After Shenzhen's first attempt to create a management company in Shenzhen following the Hong Kong mode of managing properties was approved, owners in the East Lake Beautiful Court became the first people in China to receive paid service for security, sanitation and the maintenance of buildings and public facilities.
This practice is of great importance in the property management history of Shenzhen because it broke the firmly rooted method of managing properties, in which government took responsibility for providing services without charging management fees, a fact which resulted in poor service due to chronic shortages of fund. Under the old system, residents were constantly frustrated by the miserable service, even though the government was shelling out mountains of money each year to pay for it.
The free market approach proved a successful one, and eventually the practice was expanded to areas like office buildings and industrial areas. And today property management has become an essential part of people's daily life as its services have continued to expand into hospitals, banks, airports, parks and hotels, and its content extended to household services, corporate image design and the organizing of community cultural activities.
Characteristics
Shenzhen now boasts of over 1,100 registered property management companies. Among them there are nationally famous brand-enterprises like Vanke, Kingdi and Zhonghai. Though different enterprises have their own unique characteristics in service, all seem to agree that their success is due to the healthy property market.
If the introduction of the property management system in 1980 was the first turning point of the industry, the second one was reached in 1988 when all the residential property management divisions under the Shenzhen Housing Bureau, institutions that acted the role of property managers under the old system, were transformed into property management companies with the nature of enterprises. These changes threw the property management companies into the often severe competition of the market economy.

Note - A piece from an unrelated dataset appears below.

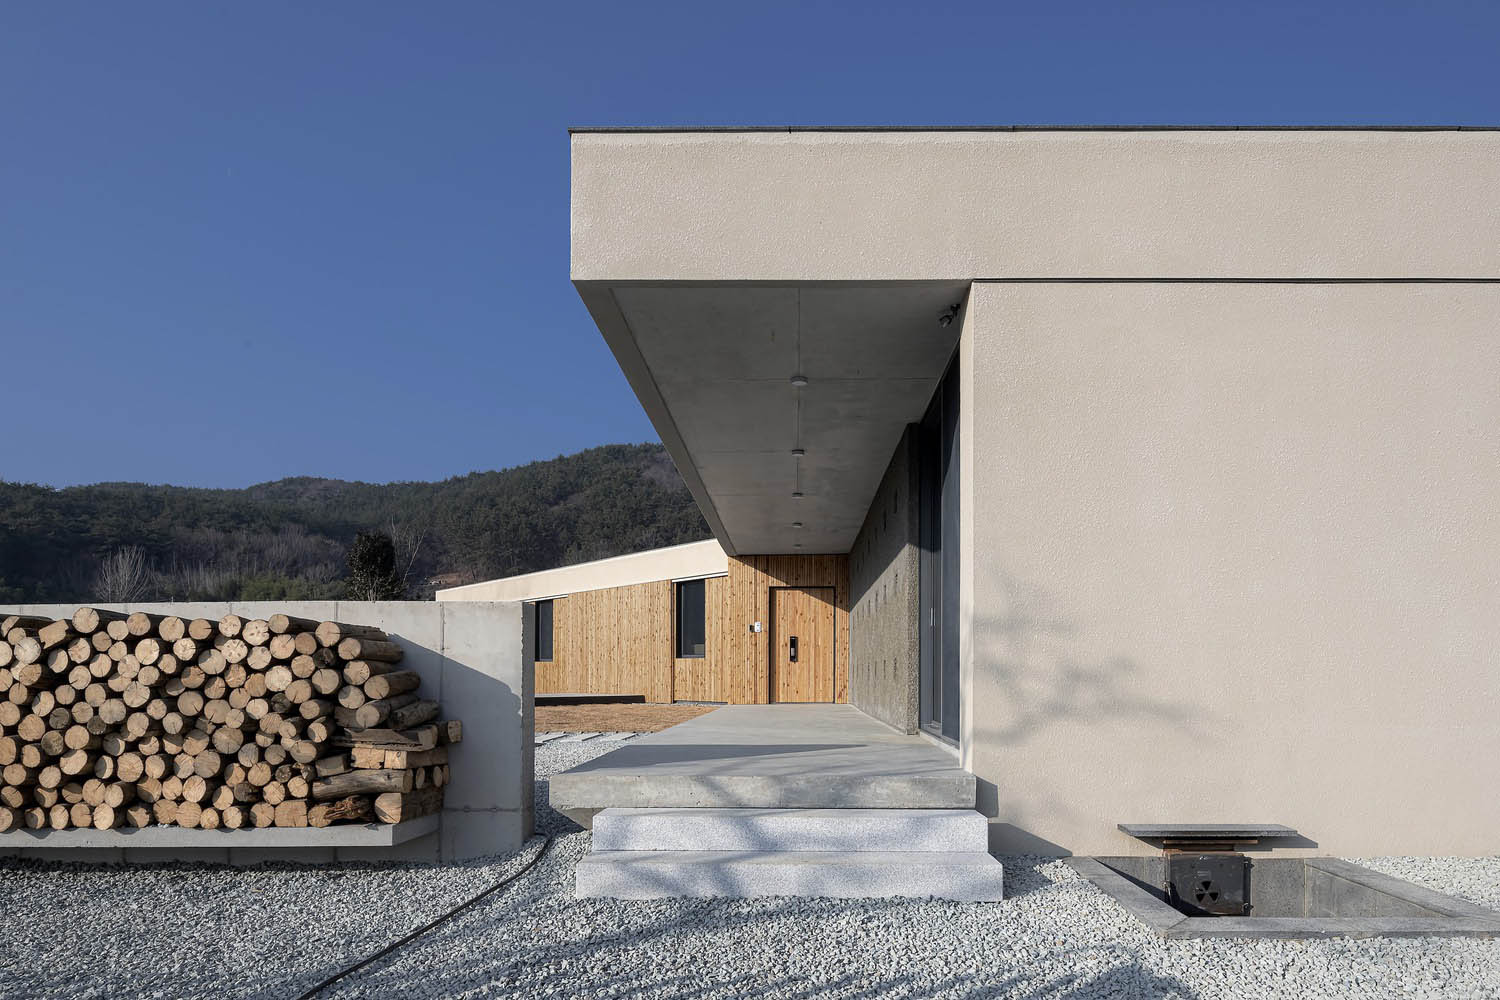 TURTLE Architects,韩国,住宅设计,200㎡,国外住宅设计案例,极简风格,乡村住宅,独栋住宅
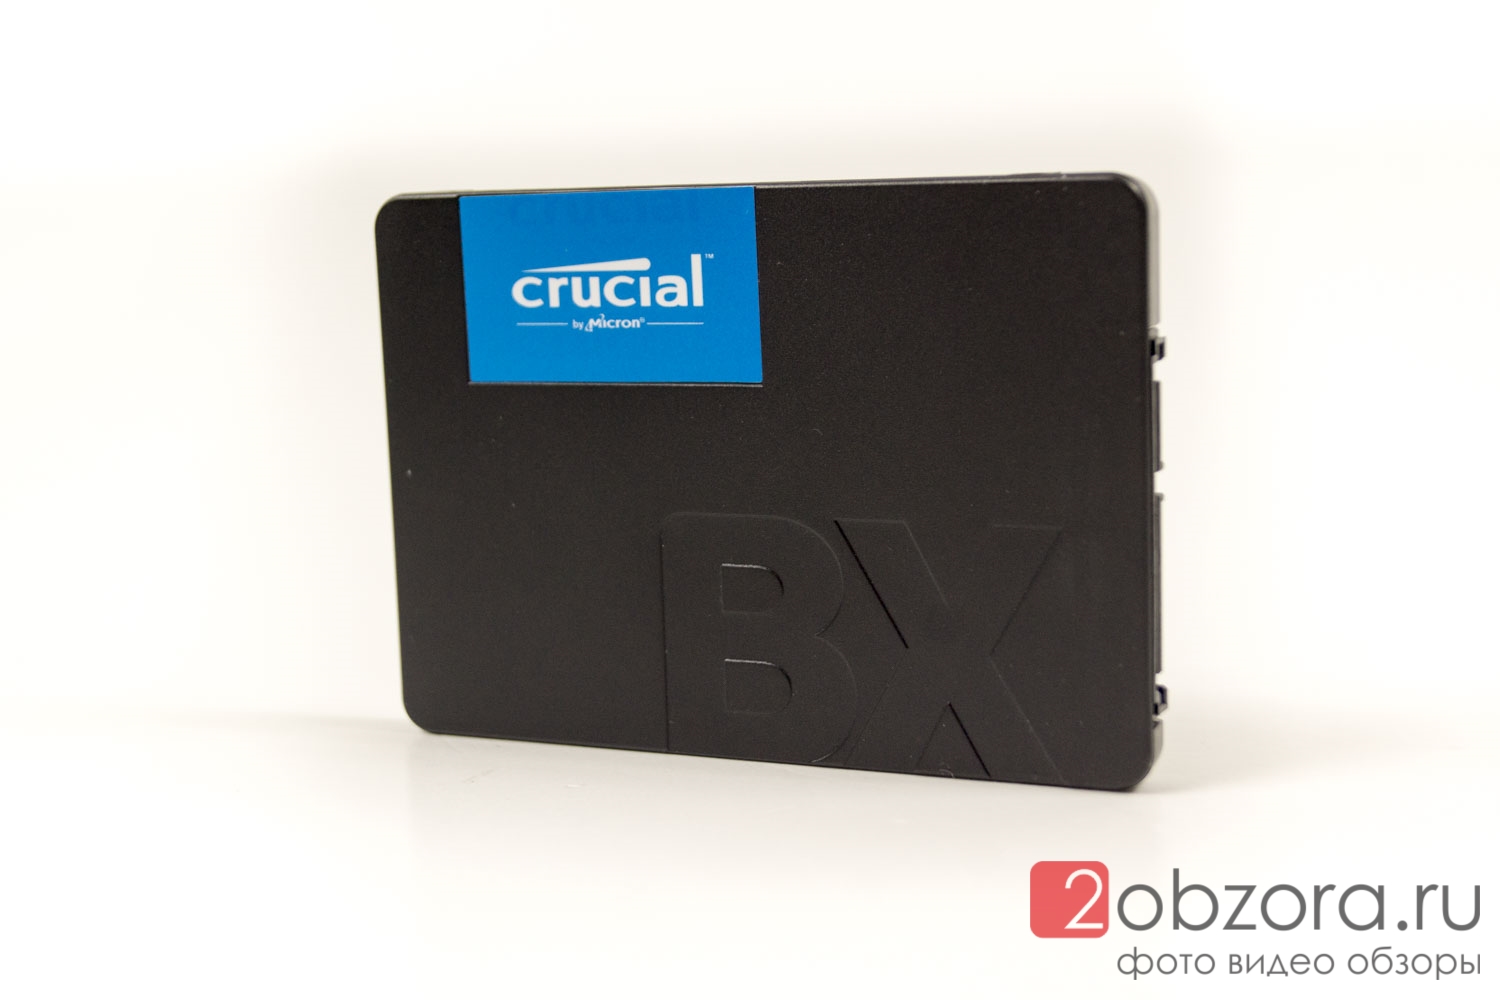 Обзор на SSD диск Crucial BX500 240 Gb 3D NAND (CT240BX500SSD1)

To win over market share, quality service was the only key. Ever since the reform in 1988, regulators have put the quality of services as the first priority. Following the establishment of the quality management system, operating qualification and charging rates of the management companies were linked to the quality of their services. And the system that required working certificates for all management employees helped build a professional managing team in Shenzhen over a surprisingly short period of time. To stand out from the competition, training classes were set up and cross-country business exchanges were organized in different companies. Over the past 20 years, more than 30,000 people have received professional training in property management and these people have made remarkable contributions to the development of the management industry across the country.
But the most distinctive feature of Shenzhen's property management industry has been the building of an open and transparent competition mechanism. It started with the opening bid for the property management contract of the Ludancun Housing Estate held by the Shenzhen Housing Bureau in 1996, and is now still the most common way of selecting property management companies in Shenzhen.
The importance of this openness has been tremendous. From it the tenders learned about the cruelty of market economics while at the same time property owners became aware of their rights.
"Before that owners were passive receivers of our service. But as the bidding system was introduced, our roles changed: owners now spell out their requirements and property management companies do all they can to meet these requirements. This is not a change in operating concept, but a result of the industry's need to meet market demands," Li Lixin, general manager of the Zhonghai Property Management Company, commented.
The real frontier of this industry has yet to be fully explored. For outside Shenzhen is the rest of China, with countless millions of people eager to dive into a lifestyle that Shenzheners now take for granted.